The Department of Justice recently announced a proposal that would require fingerprinting, photographing and registering of nationals of certain countries. Initial plans for this registration system, called the National Security Entry-Exit Registration System, will focus on aliens from countries considered to potentially pose national security risks such as Iran, Iraq, Libya, Sudan and Syria.

Attorney General John D. Ashcroft states that the purpose of the system is to “expand substantially America’s scrutiny of those visitors who may pose a national security concern and enter our country.” Citing the terrorist attacks of September 11 as the new system’s precursor, Ashcroft maintains that “on September 11, the American definition of national security changed and changed forever.”

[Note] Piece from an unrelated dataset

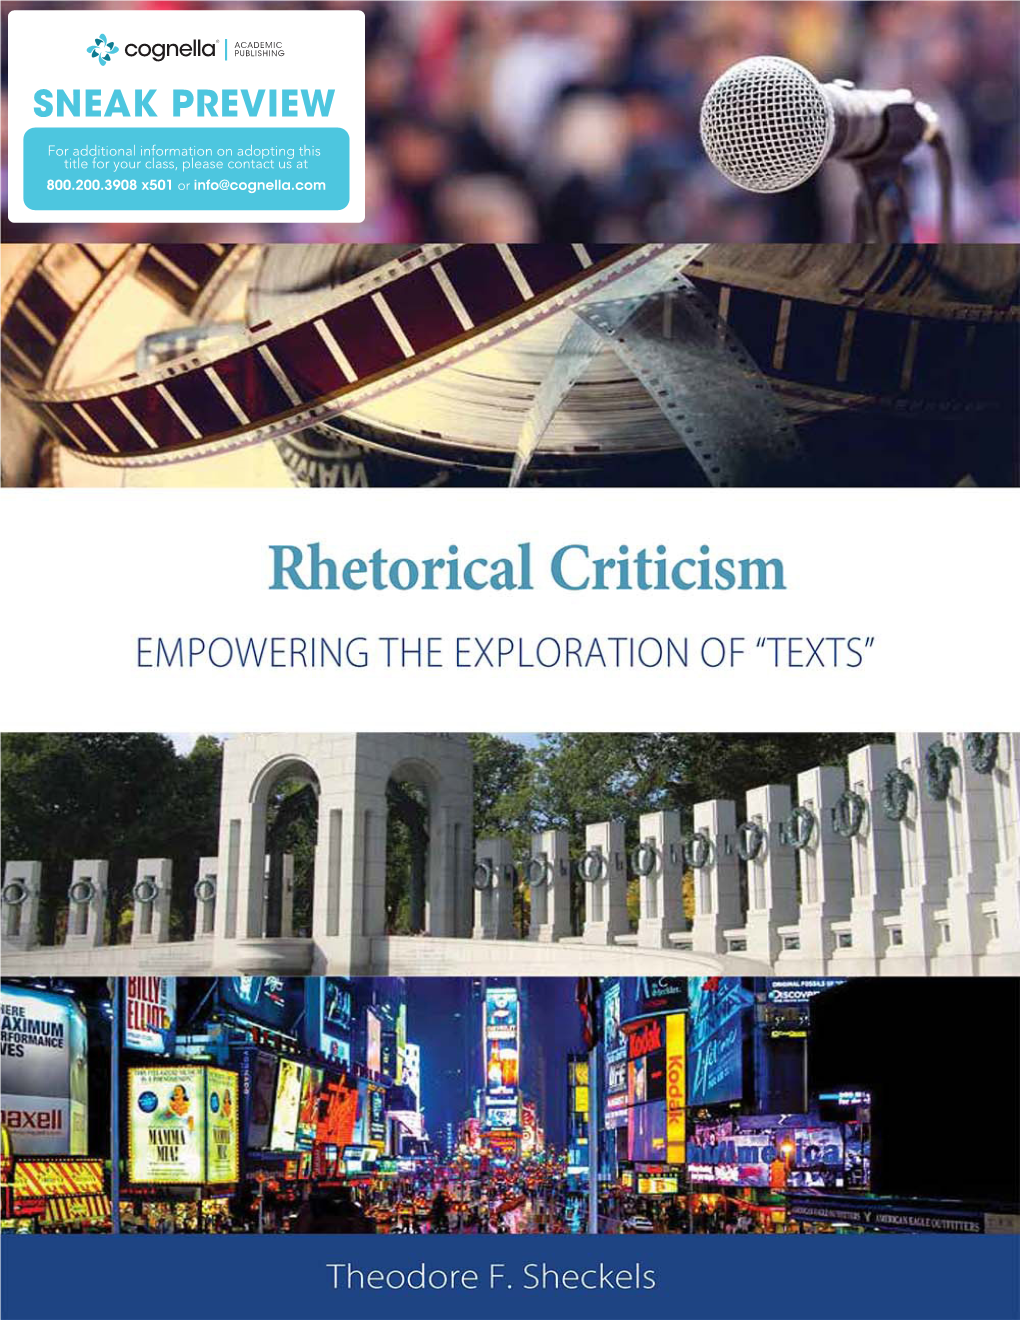 Rhetorical Criticism EMPOWERING the EXPLORATION of “TEXTS”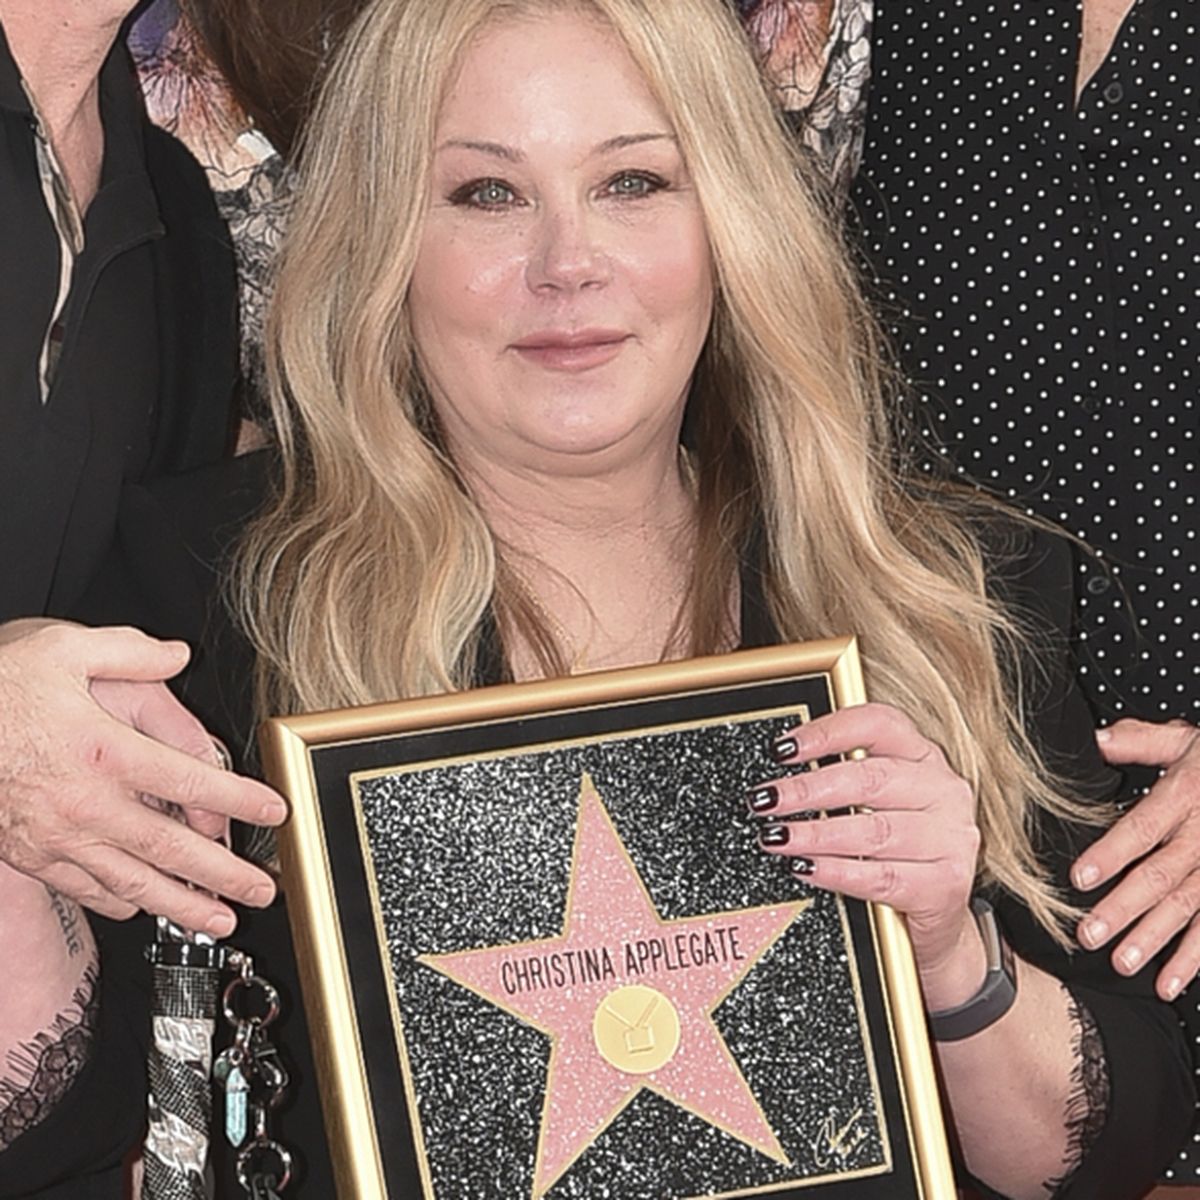 Christina Applegate Milf Porn - Christina Applegate makes first appearance since MS diagnosis to receive  Hollywood Walk of Fame star - 9Celebrity

However, some immigrant organizations and members of Congress disagree with Ashcroft’s statements, claiming the system was both unfair and racist. According to critics, the plan would unfairly profile hundreds of thousands of Middle Eastern students, visitors and workers.

Under the proposed system, all visitors over the age of 14 who appear to be security risks will be required to be fingerprinted and photographed prior to entering the U.S. Fingerprints will then be matched against a growing database of suspected or known terrorists at the port of entry. Affected individuals remaining in the U.S. for a period over 30 days will be required to register with the INS and show proof of employment/school enrollment, or information on their living arrangements. They will also be required to re-register each year, or face the possibility of fines, jail or deportation. Targeted aliens must also inform the INS each time they leave the U.S. at the exit port.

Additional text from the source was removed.